4. The method according to claim 1, wherein the selecting a shape filter from the action set a according to the policy pi to dereflect the input reflection image to obtain a corresponding background layer image and reflection layer image comprises:

5. The image dereflection method according to claim 3, wherein the training of the depth-enhanced learning network according to the obtained background layer image and reflection layer image comprises:

performing gradient calculation according to the obtained background layer image and the reflection layer image, and training parameters of the depth reinforcement learning network by adopting a back propagation algorithm;

the method for calculating the gradient of the policy network comprises the following steps:

in the formula (I), the compound is shown in the specification,

I ^target the original background layer image is represented and,

representing the value of the background layer image of the t + n iterations;

the way of calculating the gradient of the value network is as follows:

in the formula (I), the compound is shown in the specification,

representing the state of the background layer image for the t-th iteration,

value of background layer image representing the t-th iteration, R ^(t) Representing the reward for the t-th iteration.

6. An image dereflection method as claimed in claim 5, characterized in that in the training process, the loss function is calculated as follows:

wherein, I ^target The original background layer image is represented and,

representing the state of the background layer image for the t-th iteration,

representing the state of the background layer image for the t-1 th iteration.

7. The method of claim 1, wherein the step of constructing a synthetic dataset comprising the background layer image and the reflection layer image from the synthetic reflection image comprises:

randomly selecting two images from a preset real image dataset as a reflection layer and a background layer respectively, thereby synthesizing a plurality of synthetic datasets with the reflection images and the background layer reflection layer images;

and randomly overturning along a horizontal axis or a vertical axis in the synthetic data set, then randomly rotating by an angle, and randomly cutting a reflection image region block with the size of r multiplied by r.

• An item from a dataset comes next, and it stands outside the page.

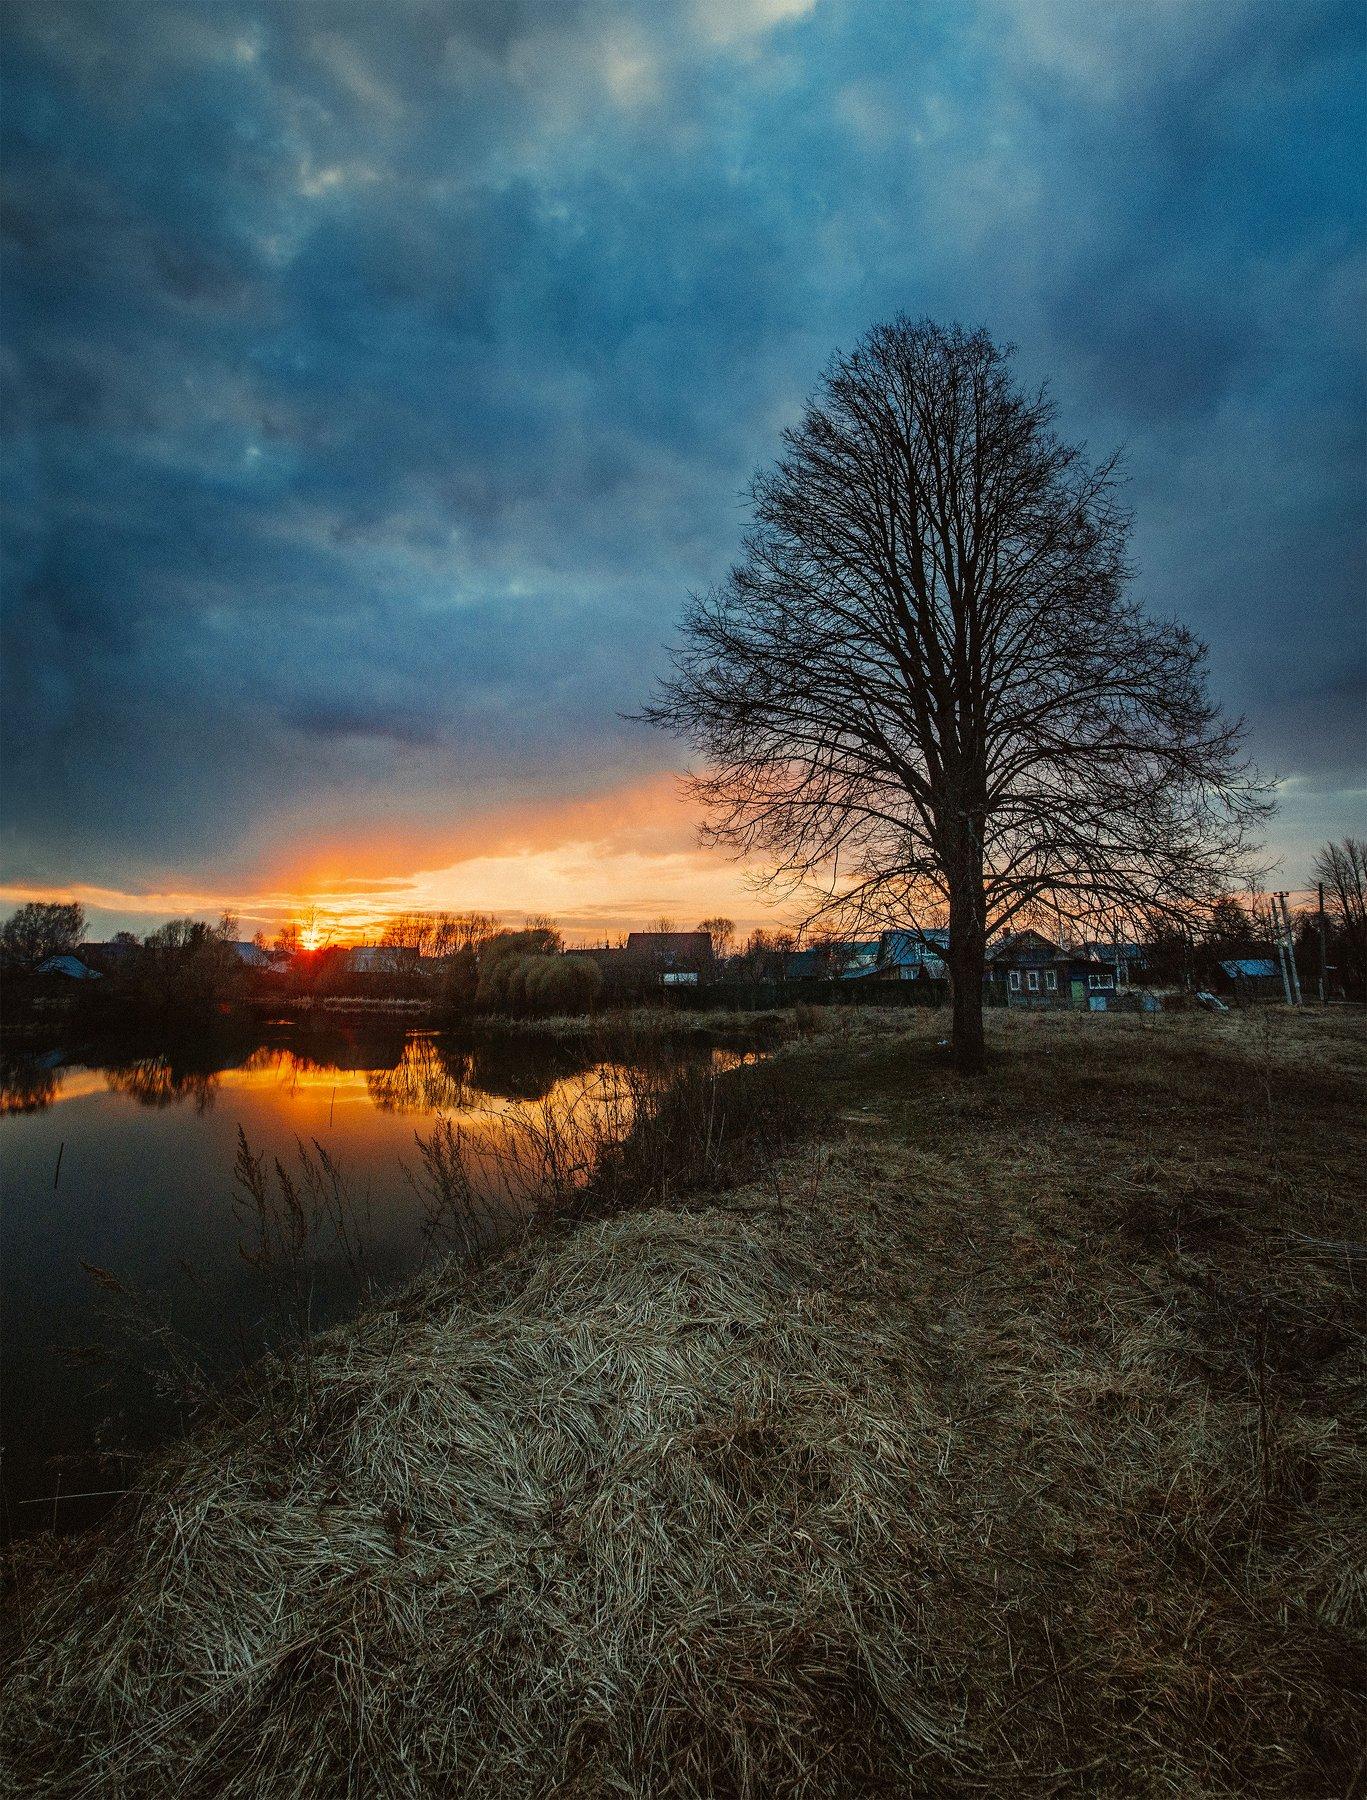 закат, россия, пруд, в деревне, Воробьёв Евгений
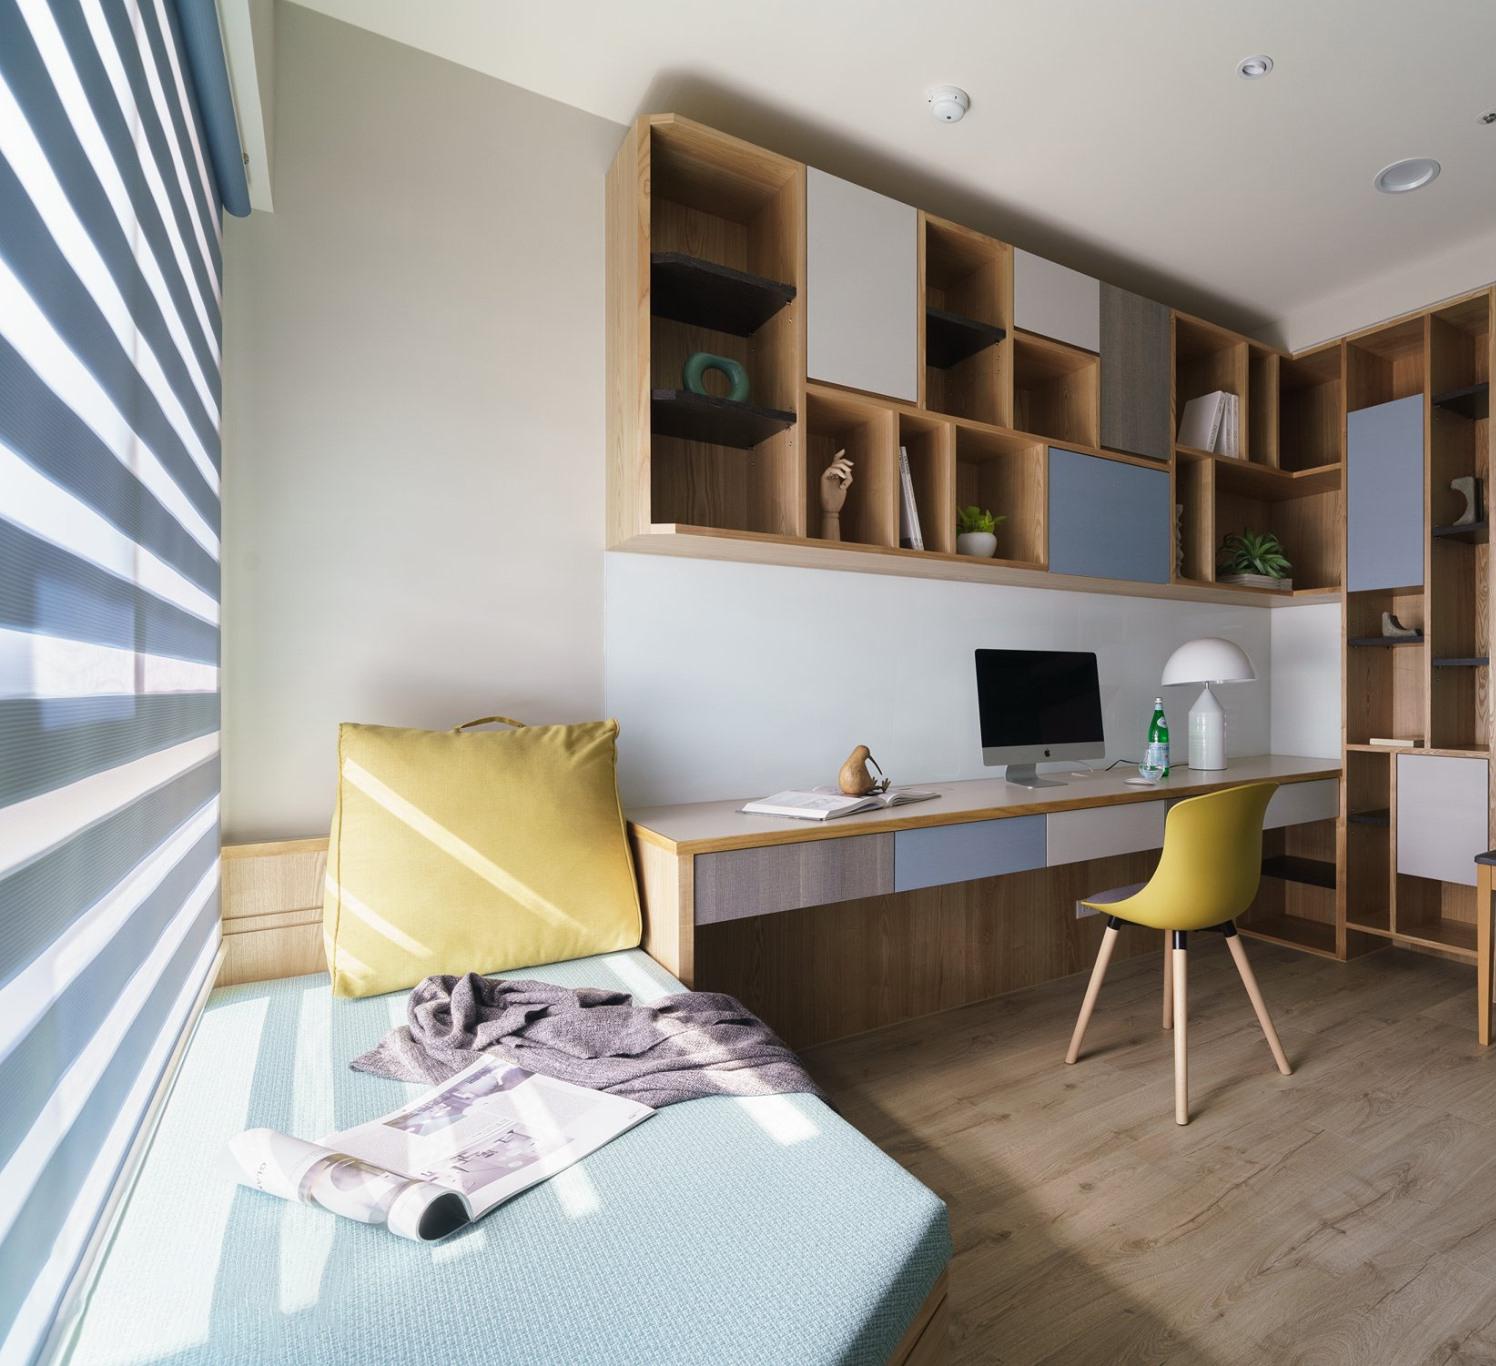 Kiến trúc sư tư vấn thiết kế căn hộ 50m² cho người trẻ độc thân với chi phí 134 triệu đồng - Ảnh 11.

8. An image antireflection system, comprising:

the reflection removing module is used for selecting a form filter from the action set A according to the strategy pi, and removing reflection of the input reflection image to obtain a corresponding background layer image and a corresponding reflection layer image;

9. An image antireflection device, comprising:

at least one processor;

at least one memory for storing at least one program;

when executed by the at least one processor, cause the at least one processor to implement the method of any one of claims 1-7.

10. A computer-readable storage medium, in which a program executable by a processor is stored, wherein the program executable by the processor is adapted to perform the method according to any one of claims 1 to 7 when executed by the processor.